Auenkurier
Juni 2006

 

 

 
Jagd in unserer Region
Waidmannsheil und Waidmannsdank


Die Gesprächsrunde bestand aus erfahrenen Experten. Am Tisch saßen Männer alter Schule, die sich gleichermaßen als Jäger und Naturschützer ausgewiesen und bewährt haben.
Im Revier rings um Lützschena und Stahmeln sorgen sie für einen ausgewogenen Wildbestand und den Schutz der natürlichen Umwelt. Ihre besondere Sorge gilt dabei der Ordnung und Sicherheit
. Der Jagdpächter unter ihnen ist der in Lützschena wohnende Rechtsanwalt Karlheinz Krusche.
Seit 25 Jahren ist er als Jäger aktiv.

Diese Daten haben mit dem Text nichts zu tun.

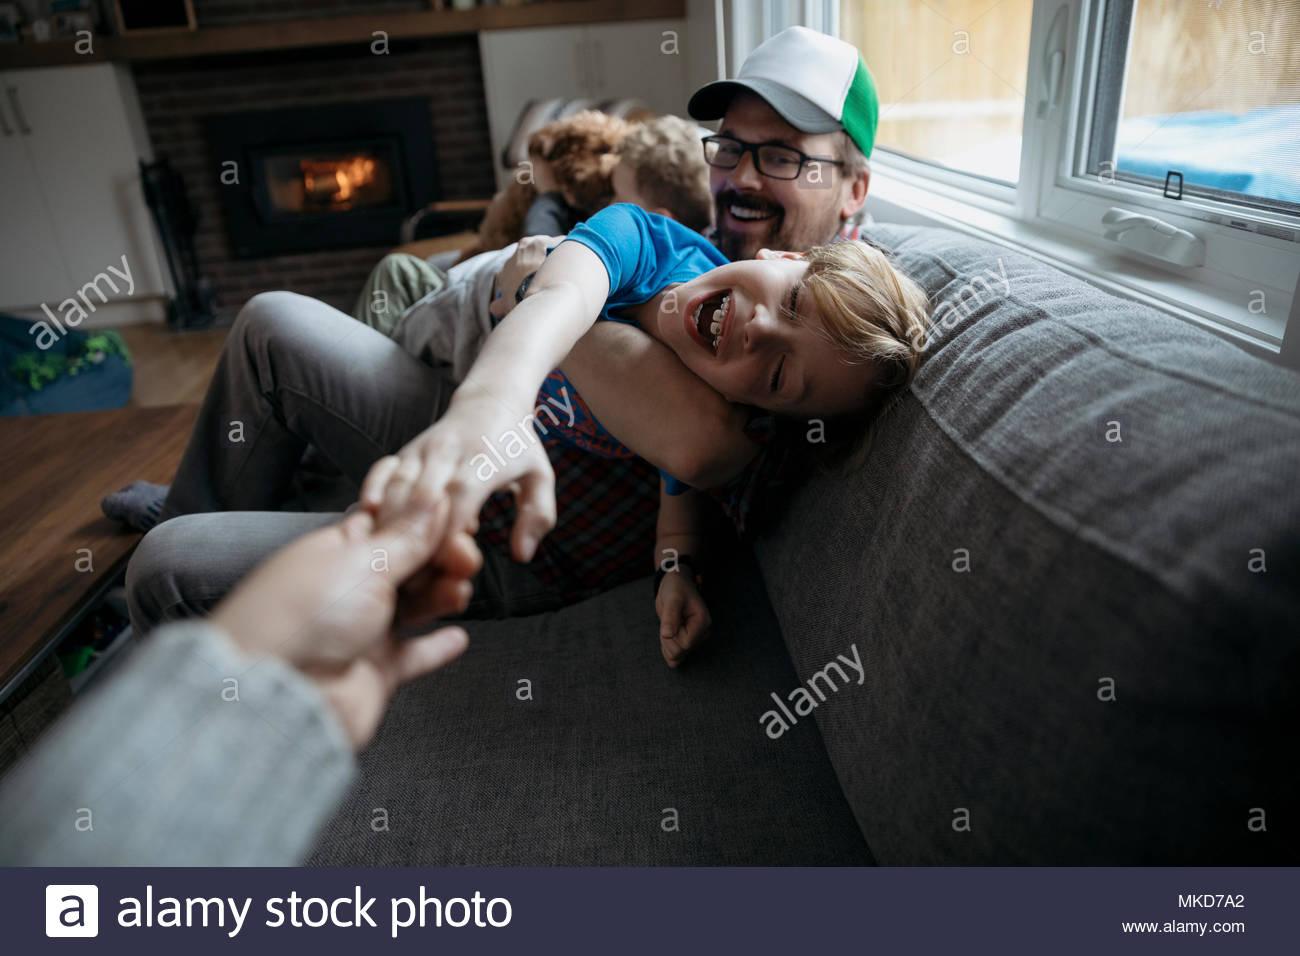 Persönliche Perspektive Familie spielen auf Sofa im Wohnzimmer Stockbild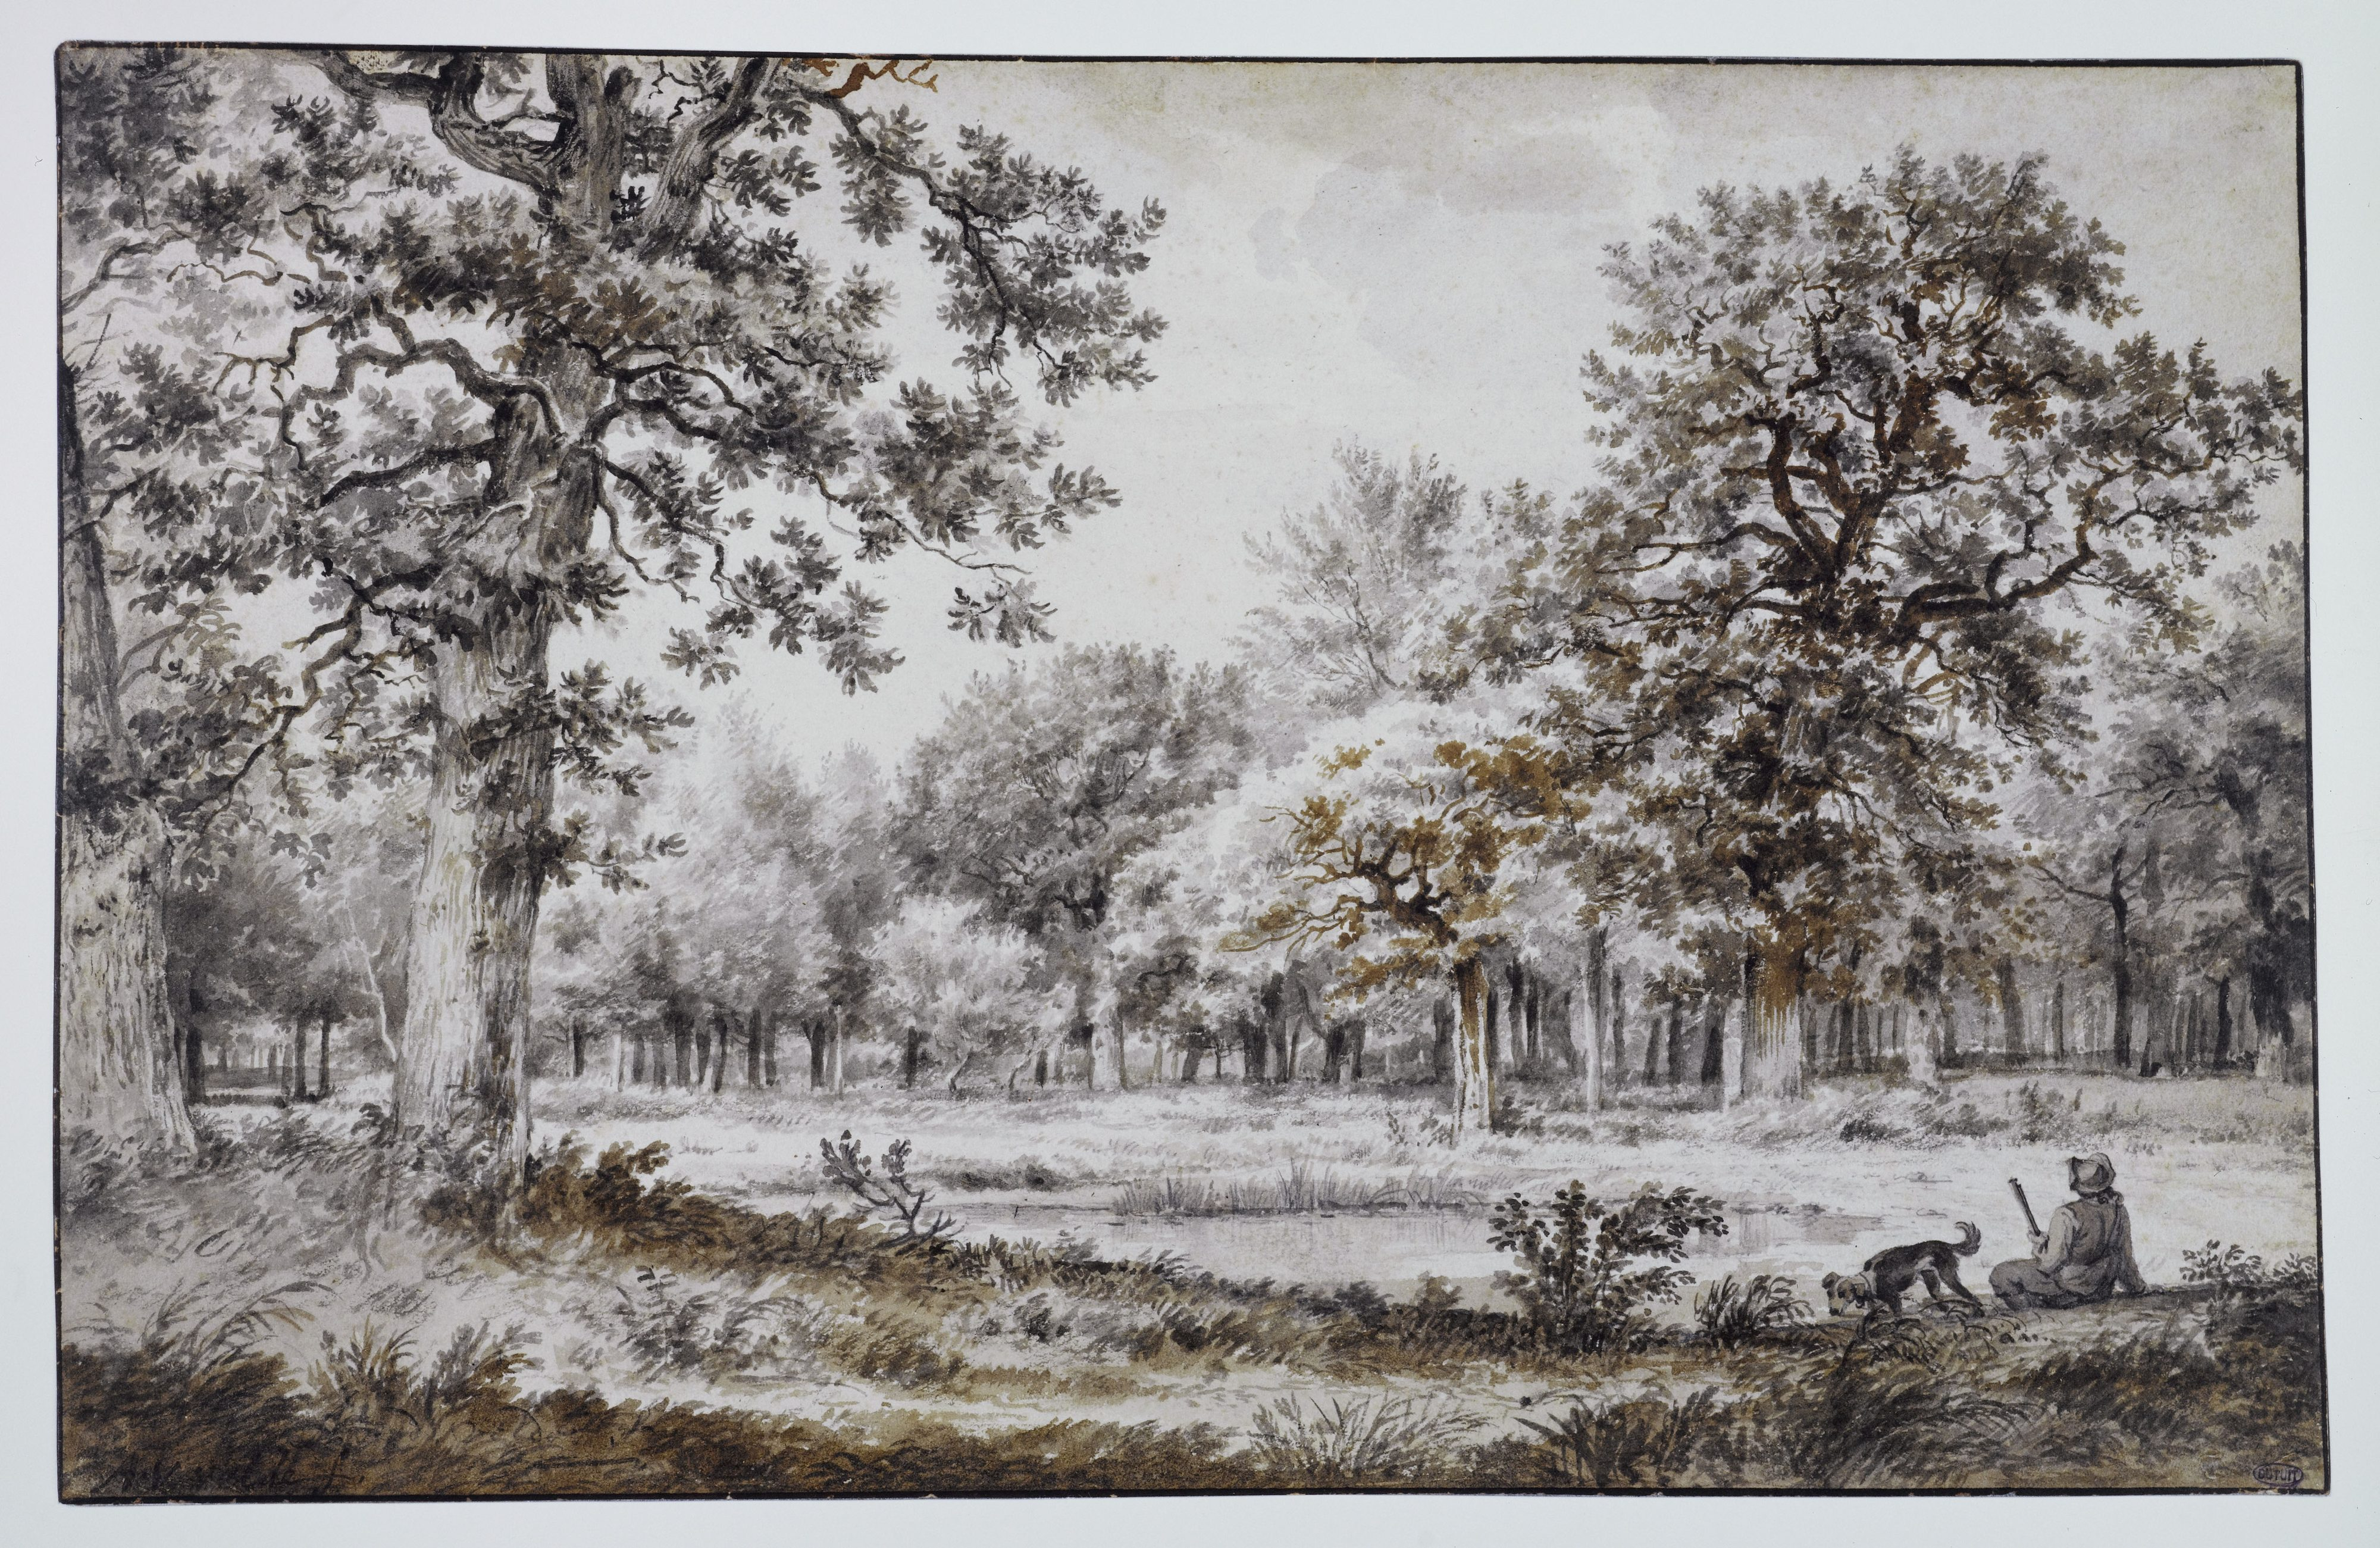 Adriaen van de Velde - Hunter near a pond, in a clearing

Seine auf jeweils 9 Jahre ausgelegte Pacht ist an einem bestimmten Grund und Boden gebunden.
Der Jagdpächter pachtet die Jagd von der Jagdgenossenschaft. Pflichtmitglieder in der Jagdgenossenschaft sind die Eigentümer von Grund und Boden. Nach der Eingemeindung von Lützschena-Stahmeln nach Leipzig ist Verpächter die Jagdgenossenschaft Leipzig. Dem Jagdpächter Karlhein Krusche zur Seite stehen in enger Zusammenarbeit die Jagdaufseher, die am Gespräch teilnahmen, voran Schmiedemeister i. R. Rolf Wönicker, der bereits 46 Jahre das Waidwerk ausübt. Er war schon während der DDR-Zeit Jagdleiter und ist übrigens der Lehrmeister von Karlheinz Krusche. Die beiden anderen anwesenden Jäger, Klaus Gründler und Jürgen Richter, beide heute ebenfalls erfahrene Jäger, sind seit 30 Jahren auf der Pirsch in Wald und Flur. Bevor die Jäger ihre Jagderlaubnis erhielten, mussten sie eine umfangreiche Jägerprüfung ablegen und gingen mehrere Jahre zuvor als Jagdhelfer oder Jagdhundeführer der gestandenen Jägerschaft zur Hand.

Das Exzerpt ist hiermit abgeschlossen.